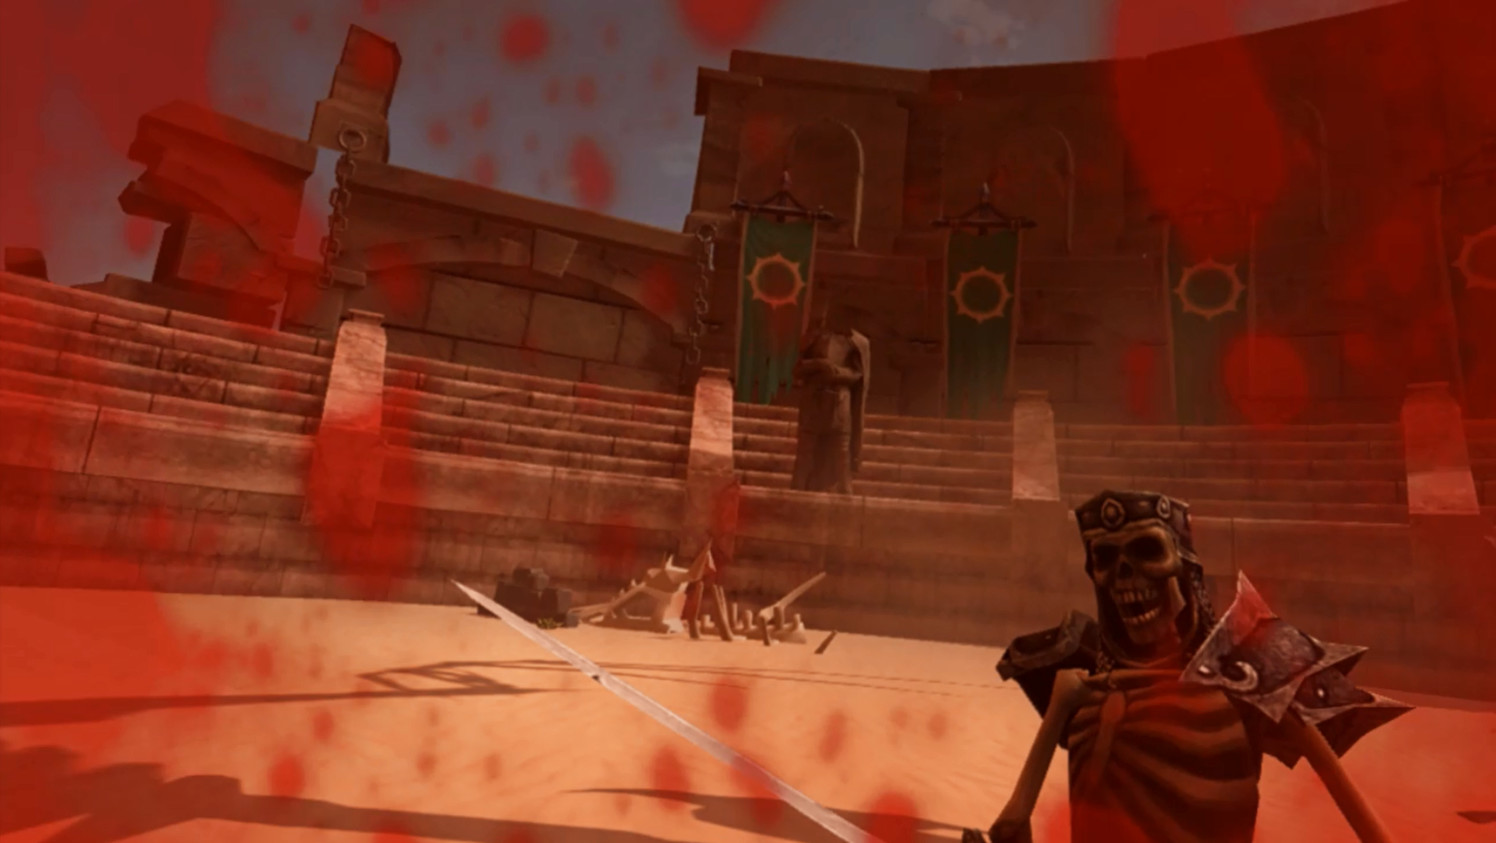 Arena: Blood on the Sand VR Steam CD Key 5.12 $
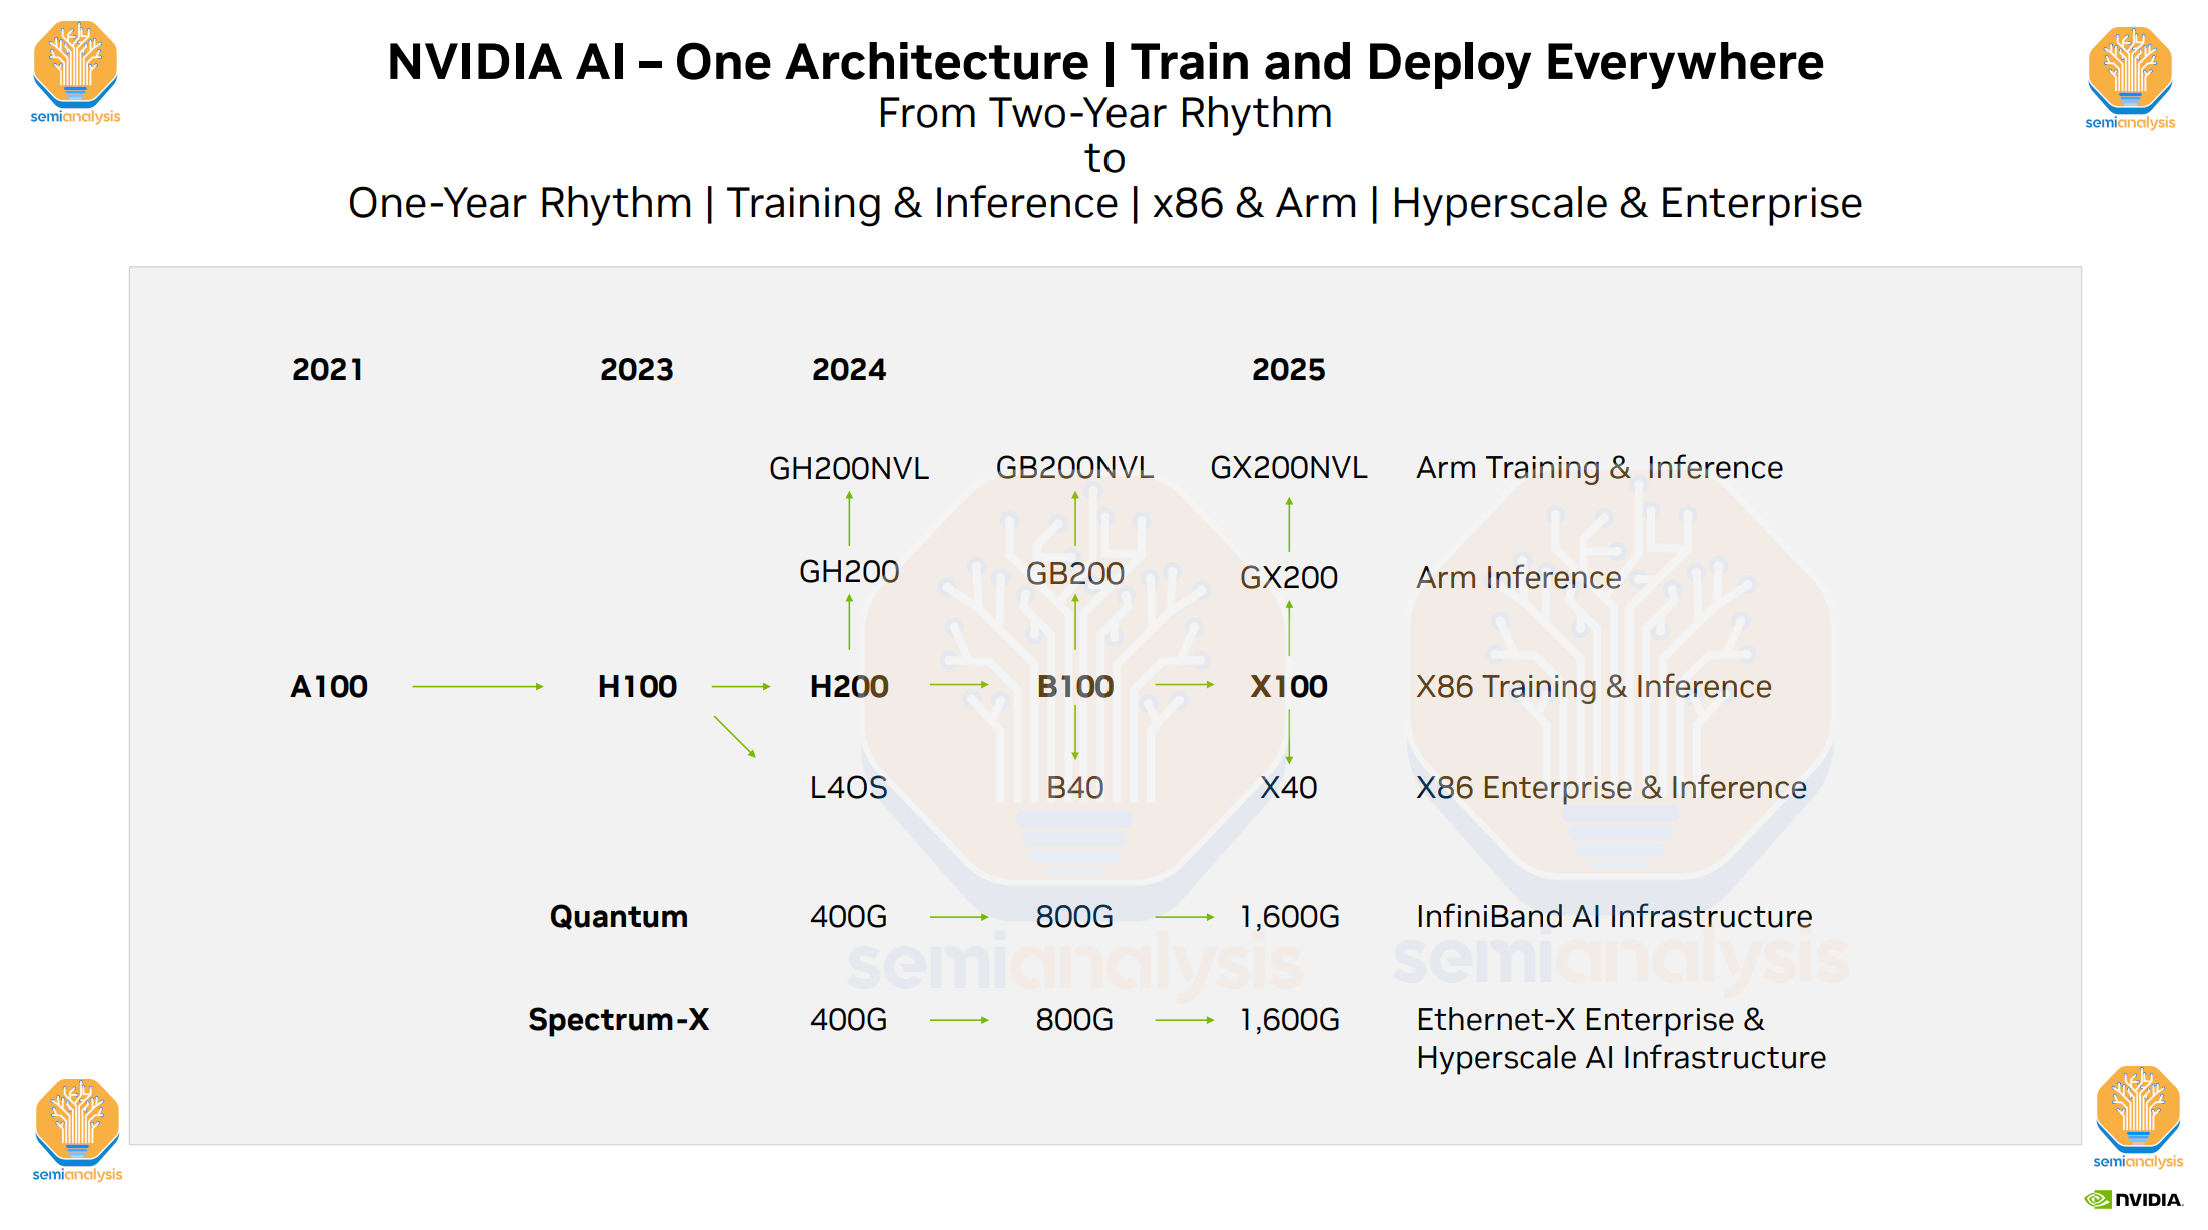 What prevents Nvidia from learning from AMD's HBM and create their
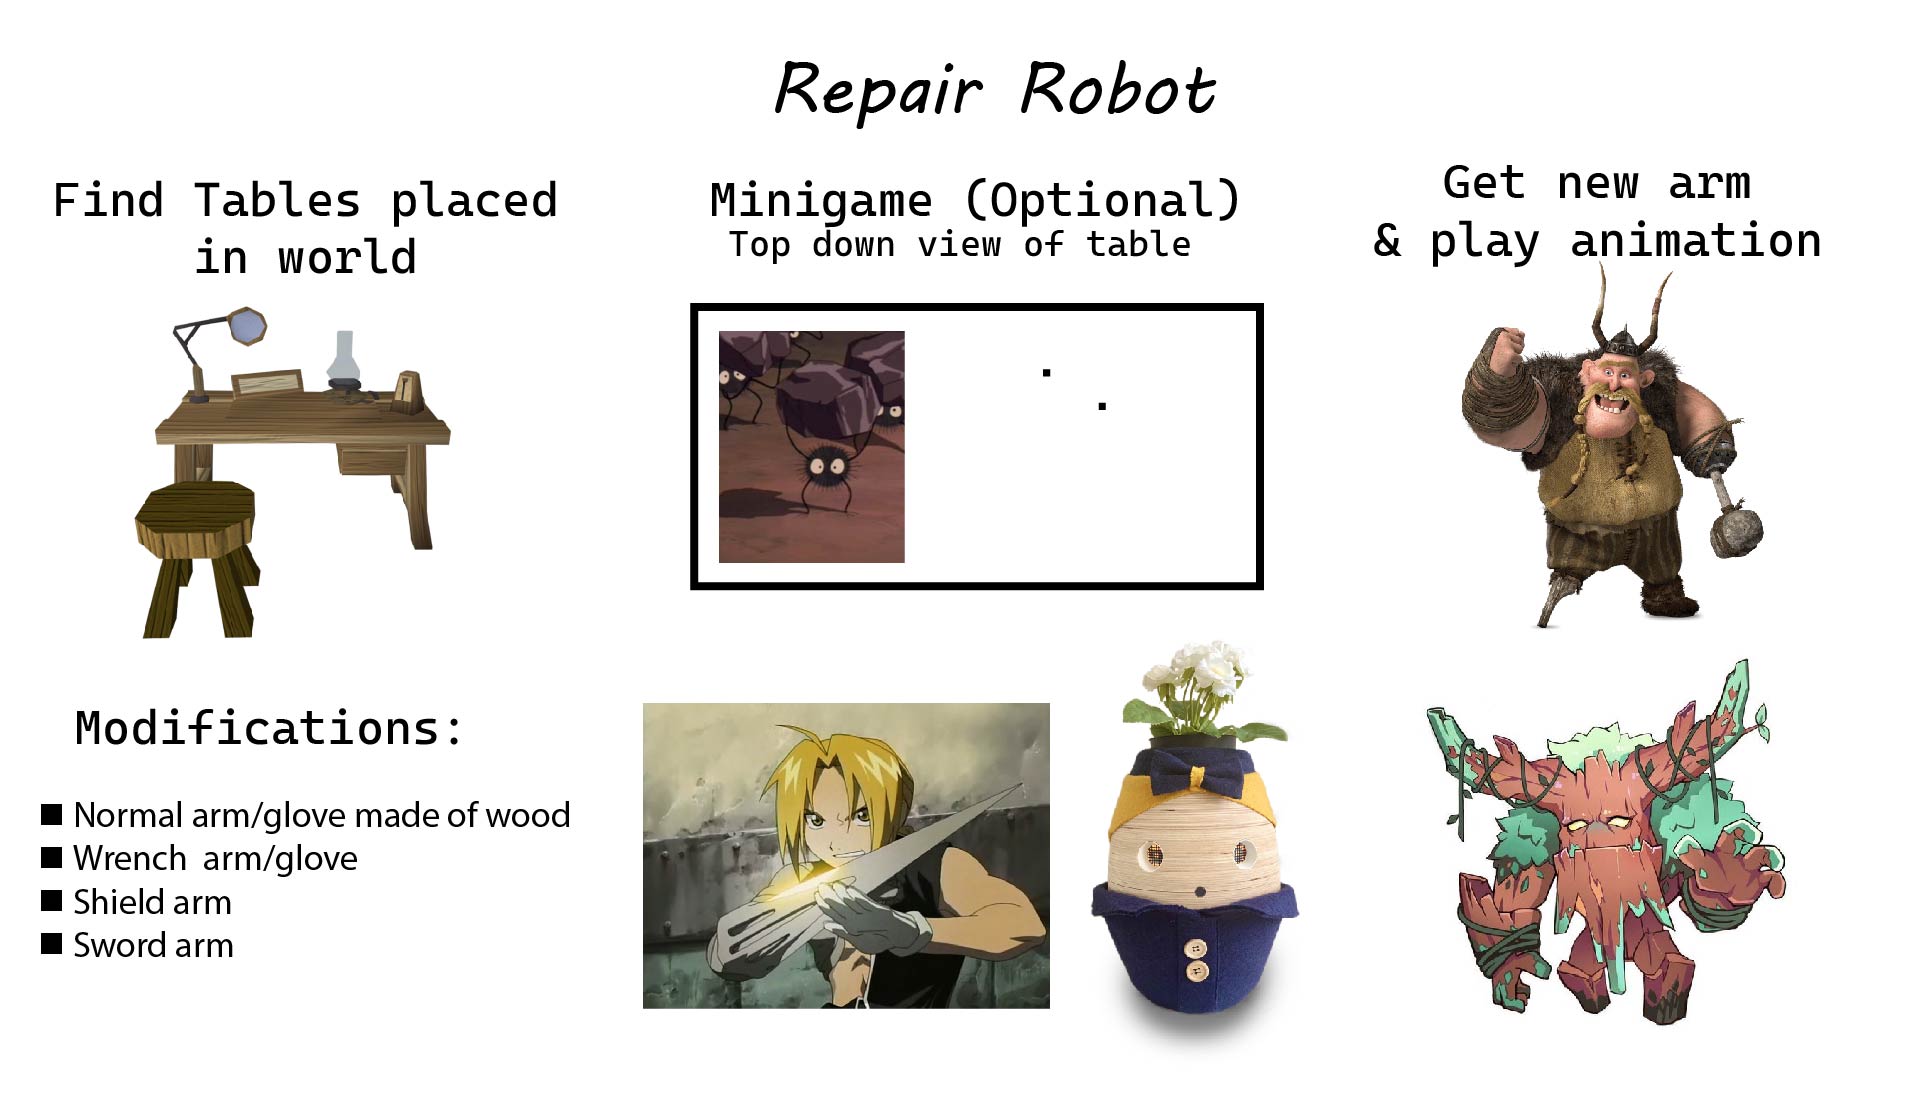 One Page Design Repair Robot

::::::

When a picture appears in the material, please pass over it while retyping the rest exactly.

 Arena: Blood on the Sand VR Steam CD Key 5.12 $
 What prevents Nvidia from learning from AMD's HBM and create their
 One Page Design Repair Robot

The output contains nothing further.